Just to refresh your memory, the band's first two albums "Hybrid Theory" released in 2000, and "Meteora" released in 2003, absolutely exploded powerfully and made the band one of the most popular and big bands in the early 2000s when Nu-Metal flourished. The next two albums, "Minutes to Midnight" released in 2007, and "A Thousand Suns" released in 2010 were a sharp turn in the band's musical style, softening is the right word. The band began to explore the world of electronics, the world of sound layers, and the world of melody in other and completely different regions than before.

So true, the power of the electronics and drama of the effects sounds much smaller than in the previous album and indeed the guitar work is a bit reminiscent of the first albums but there is no doubt that the whole sound, electronic layouts, lyrics, and dynamics of the songs are light years away from the first two albums.

The recordings for the album lasted about a year with Mike Shinoda and Rick Rubin again working as co-producers on the album. Rick as before gave full freedom of action to the veteran team with Mike's leadership and he only met them once a week to give feedback and advice on certain points.
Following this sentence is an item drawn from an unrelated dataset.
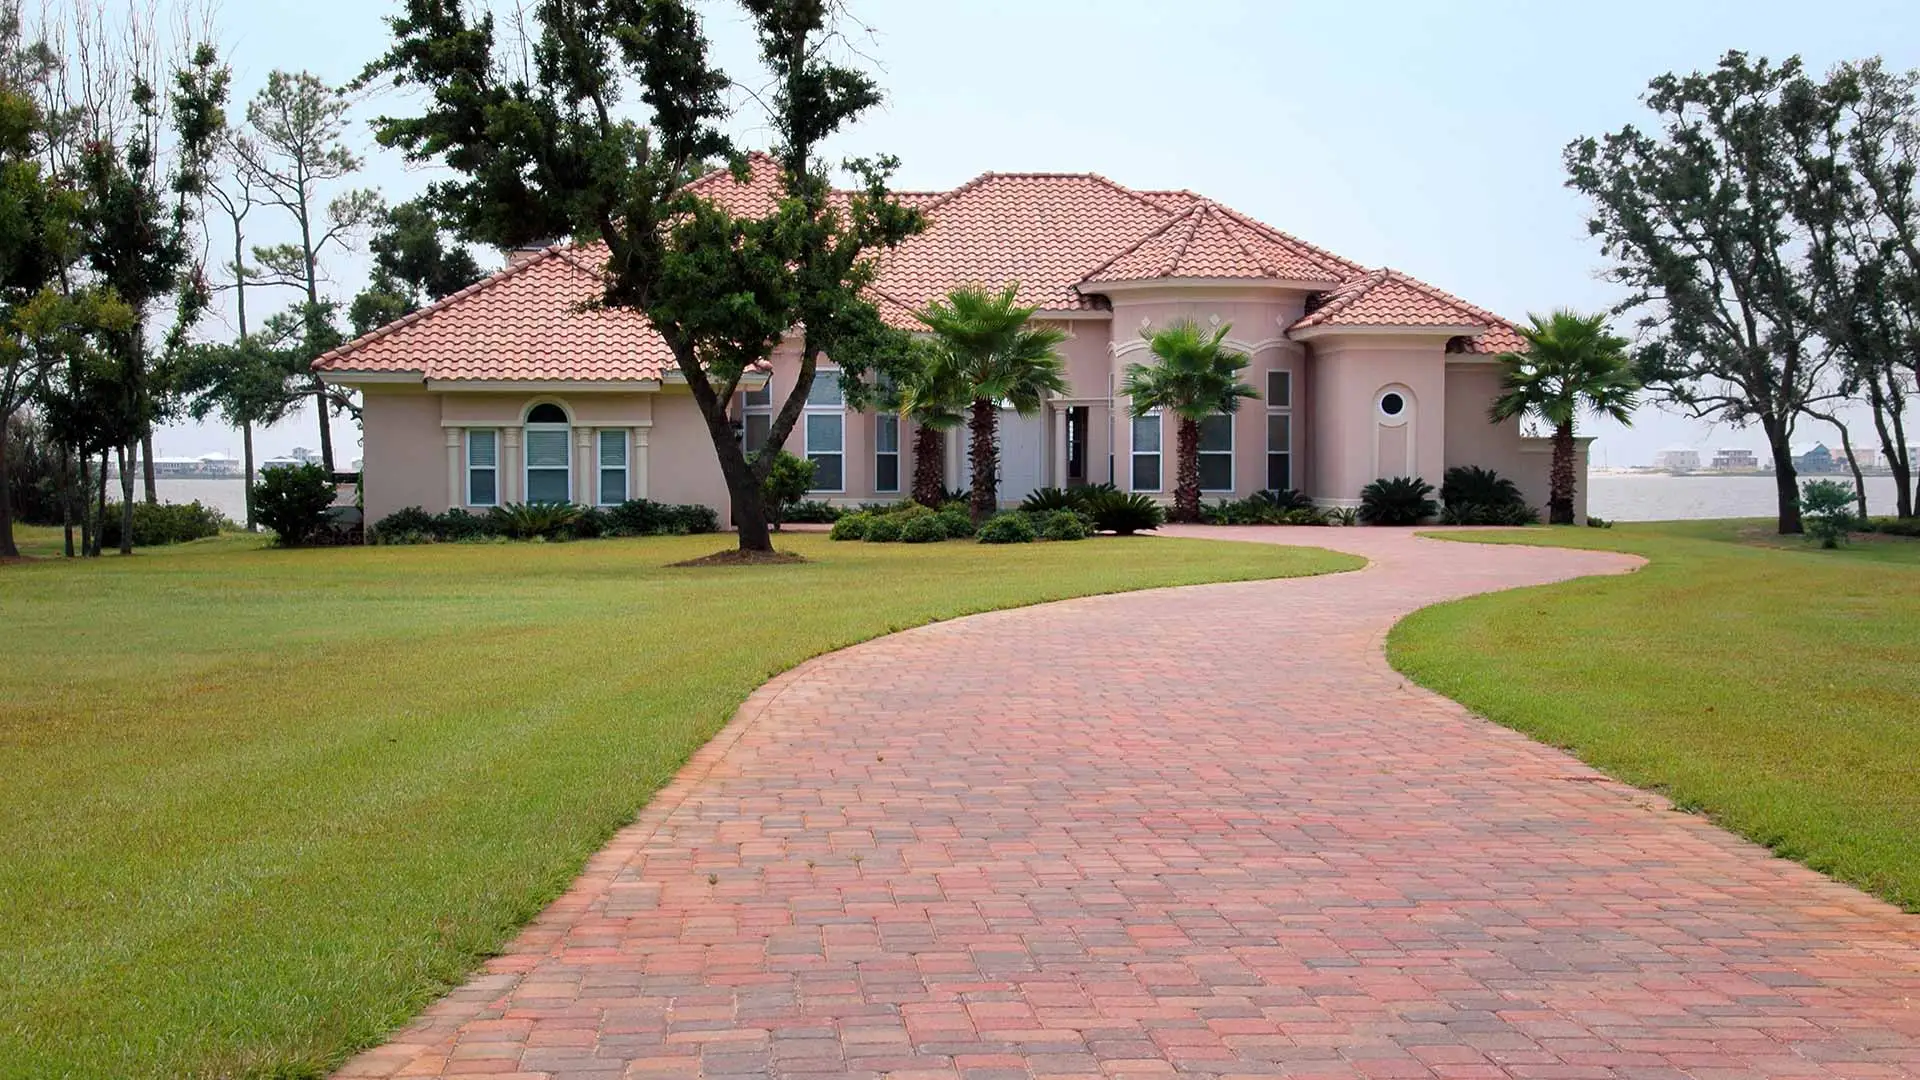 Beautiful decorative paver driveway leading up to a house in Orlando, FL.

The band members wrote and worked on the album during the tour of the previous album and even though they were already worn out from the shows they felt like they had a “muse” and the creativity poured out of them. Chester Bennington said that despite the attrition and exhaustion they decided they were not stopping the flow of creativity and continued to work on the album only in lower gear. Mike said they felt they were taking everything they had learned to date and were able to improve the sound and dynamics of the songs.

This is what he said in an interview about the album:

"It doesn't lose any of the creativity of the newer stuff and it brings in the energy of the older stuff. It's kind of a comprehensive sound. I feel like we've been able to take all the stuff we've learned on the way and put it all together in each song and still keep it fresh and forward-thinking."
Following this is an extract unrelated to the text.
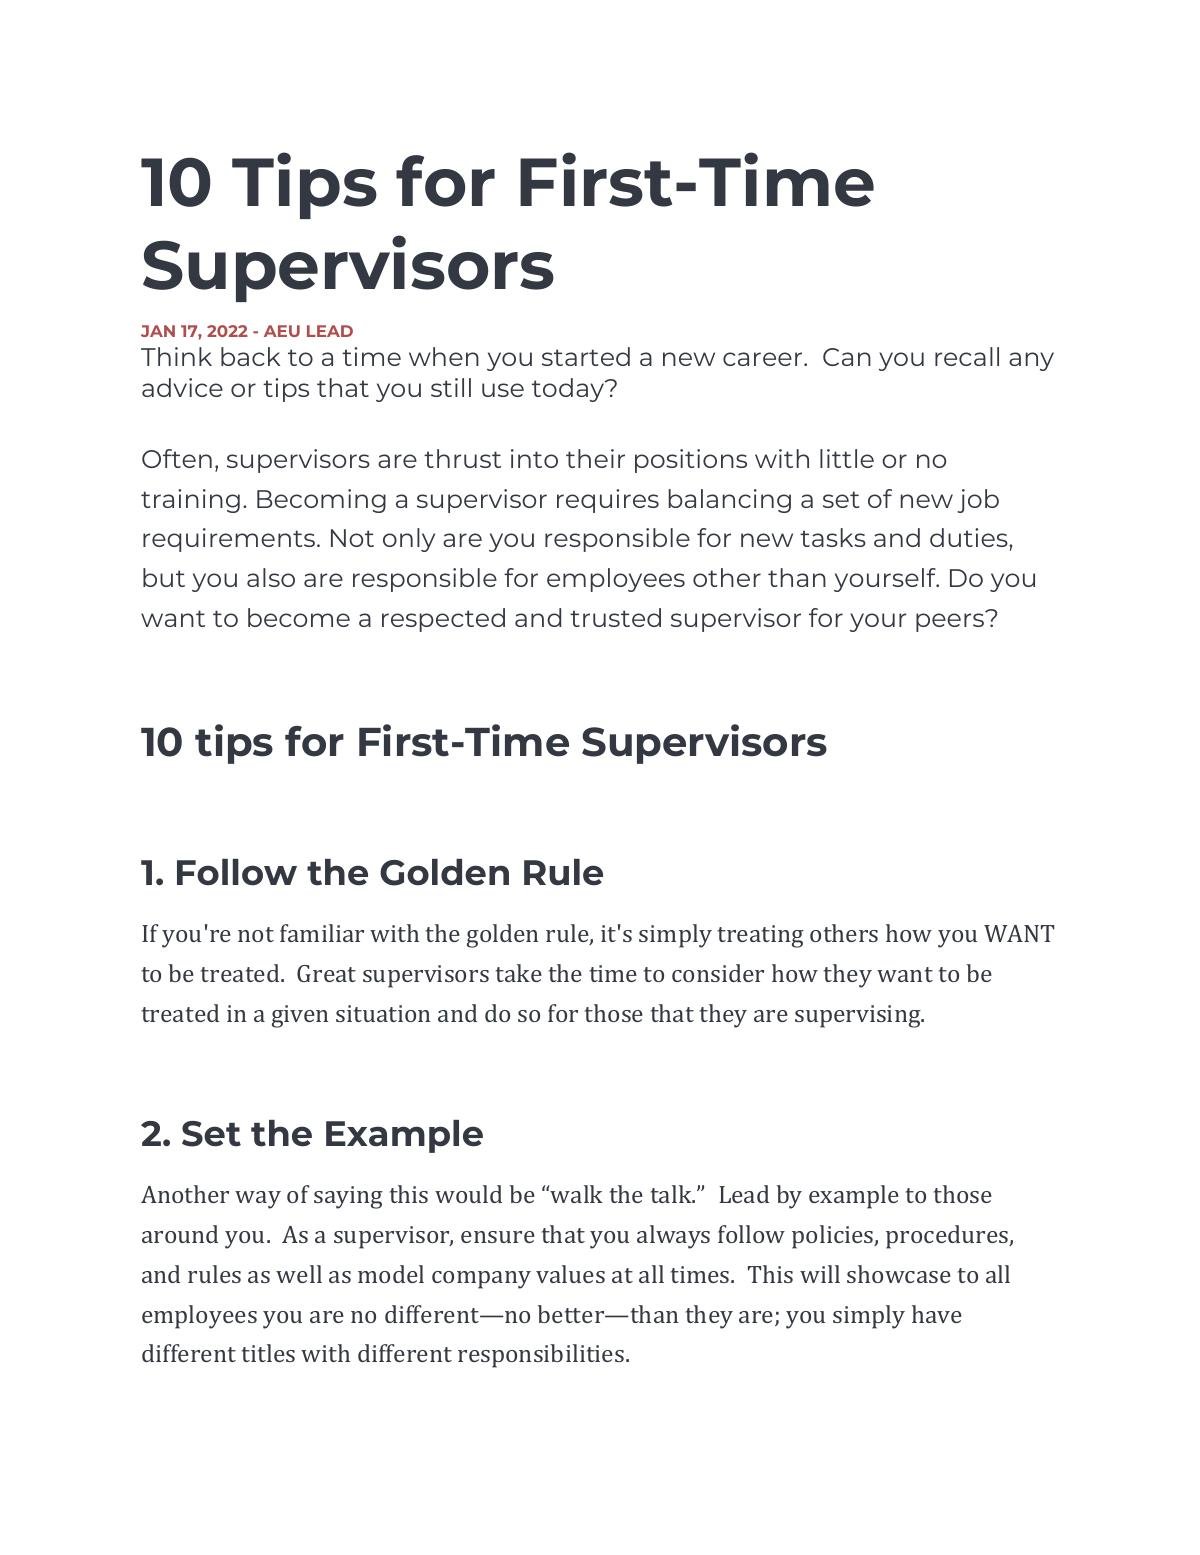 10 Tips for First-Time Supervisors

So for us, this album is not a combination of the first two albums with the two albums that came after them but is the sound development of the band after what they learned, researched, and experienced in the four albums that preceded this album, the sound of evolution seems to us to be the right definition.

(Photo: James Minchin)

Another thing, if we take Linkin's last four albums, we feel that this album is a lighthouse spring, the summit of the parabola. In the two albums before it, the band went in different electronic and melodic directions, and with the two albums that followed it, the band broke towards extreme rock and then broke again towards extreme pop, this album feels most sane to us in the new era of Linkin, a band that went through a lot In its career it finds the balance of everything it has learned, tried and performed until that album.

This album of course took first place on the Billboard chart and sold over two hundred thousand copies in its first week. In addition, it also topped the charts in 17 other countries making it Linkin's only album to conquer so many charts peaks throughout their careers.